Diagnosis and treatment of pleural mesothelioma

Abstract

Pleural mesotheliomas are uncommon tumors. They can be broadly classified as localized and diffuse. The localized form is a non‐epithelial neoplasm that occurs as commonly in women as in men and is not related to asbestos exposure. It is usually asymptomatic, and is occasionally associated with paraneoplastic syndromes. Localized mesotheliomas arise more frequently from the visceral than from the parietal or mediastinal pleura.

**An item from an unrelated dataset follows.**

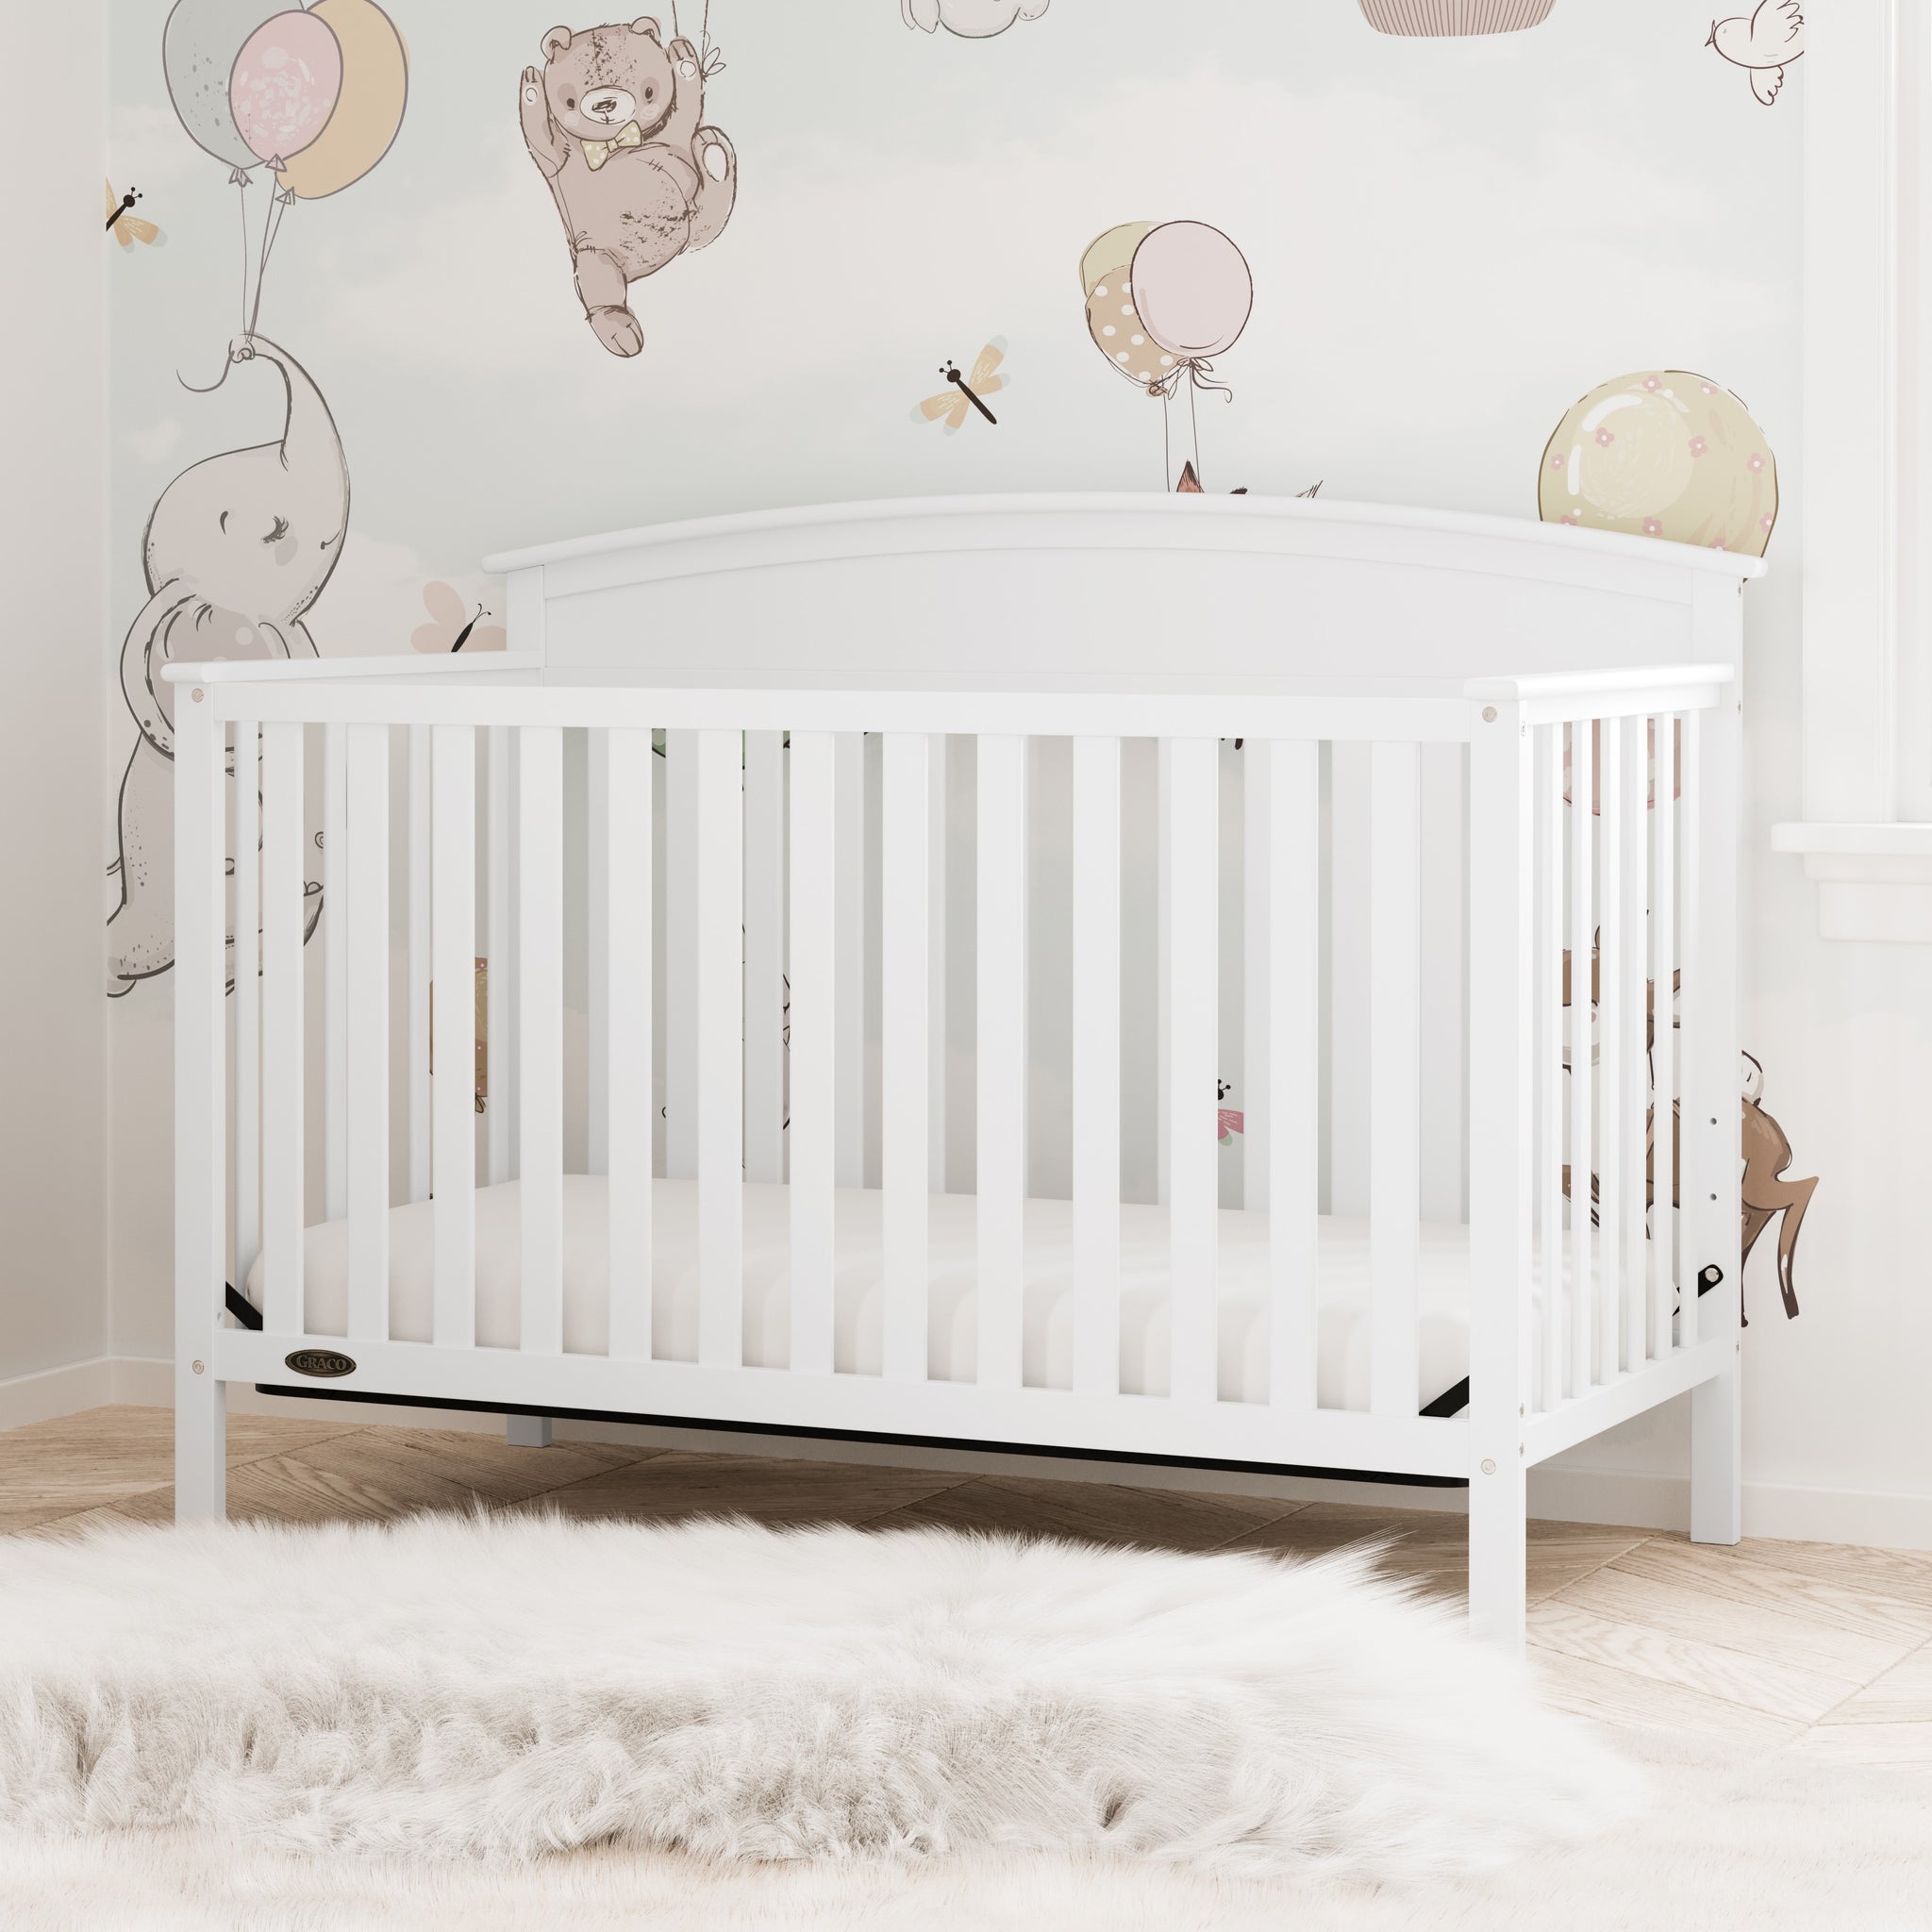 White crib in nursery
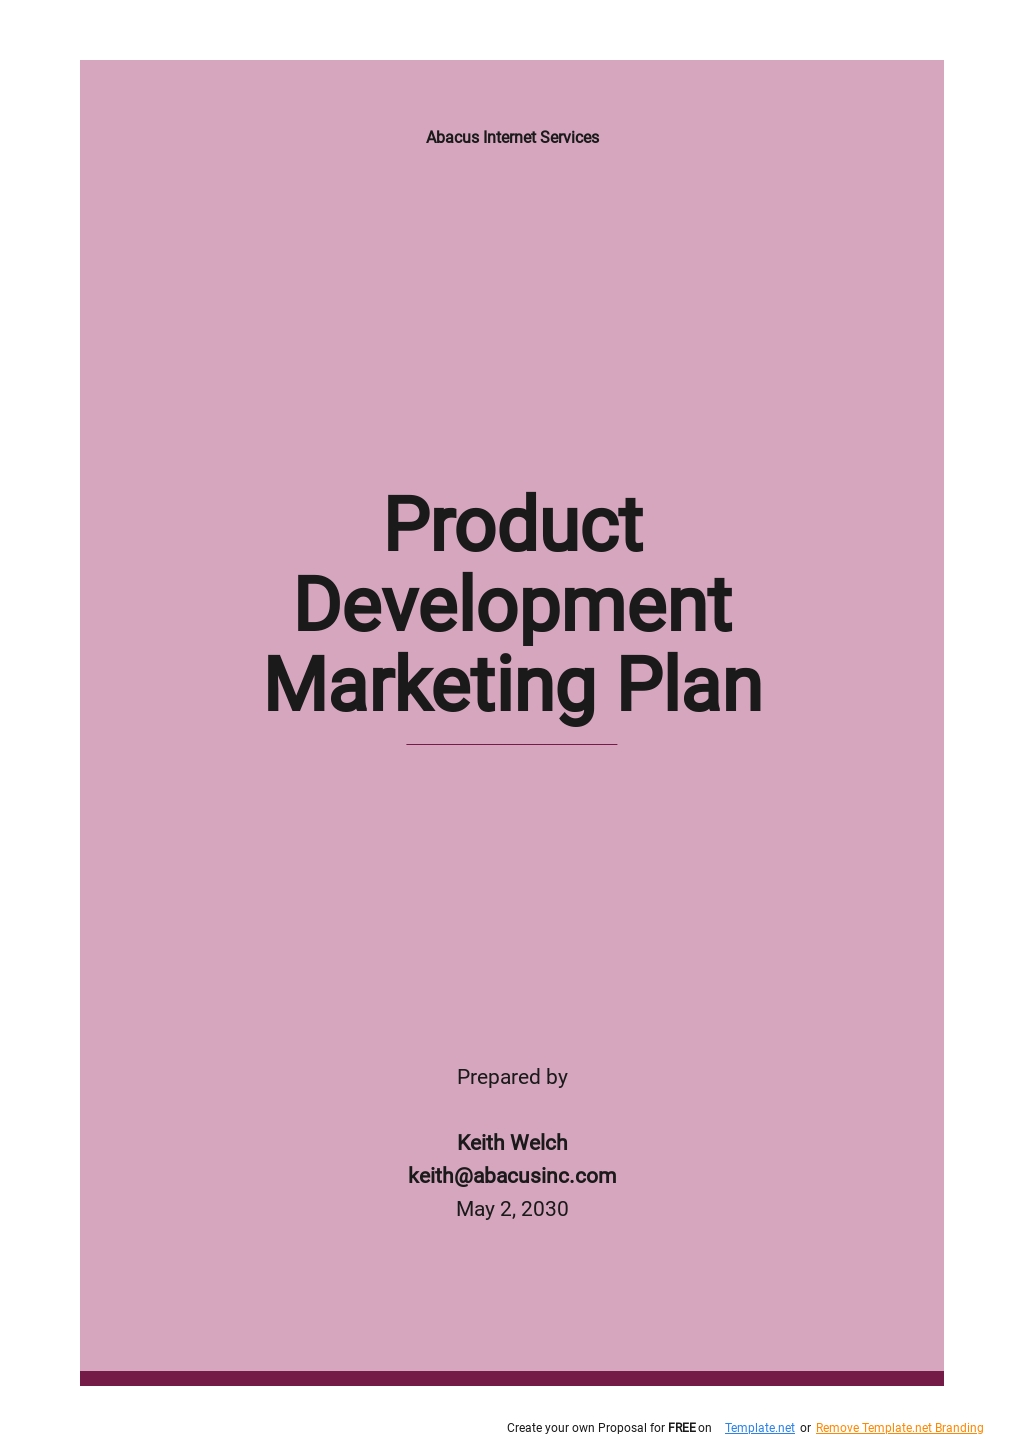 Product Development Marketing Plan Template

The long‐term outcome of these tumors is determined mainly by their clinical presentation, and by whether or not they can be completely resected. Diffuse pleural mesotheliomas are invariably malignant. They are clearly related to asbestos exposure, and are far more common in men than in women. Histologically, they are completely or partially epithelial tumors. Diffuse mesotheliomas present with dyspnea, chest pain, and weight loss and are not associated with paraneoplastic syndromes. Distinguishing malignant mesothelioma from metastatic adenocarcinoma can be difficult and usually requires a large tissue biopsy on which immuno histochemistry and electron microscopy can be performed. The management of diffuse malignant mesothelioma remains controversial. Treatment appears to prolong survival which ranges from 6 to 12 months with supportive care alone. Surgical resection, either with extrapleural pneumonectomy or by pleurectomy/decortications remains the mainstay of treatment because of the relative ineffectiveness of radiation and chemotherapy. Surgical resection alone, however, is inadequate, so most current treatment regimens combine operation with radiation and/or chemotherapy. Even with aggressive multimodality treatment, the median survival currently ranges from 18 to 24 months. A better understanding of prognostic factors, a better staging system, and innovative treatment strategies are desperately needed in this disease.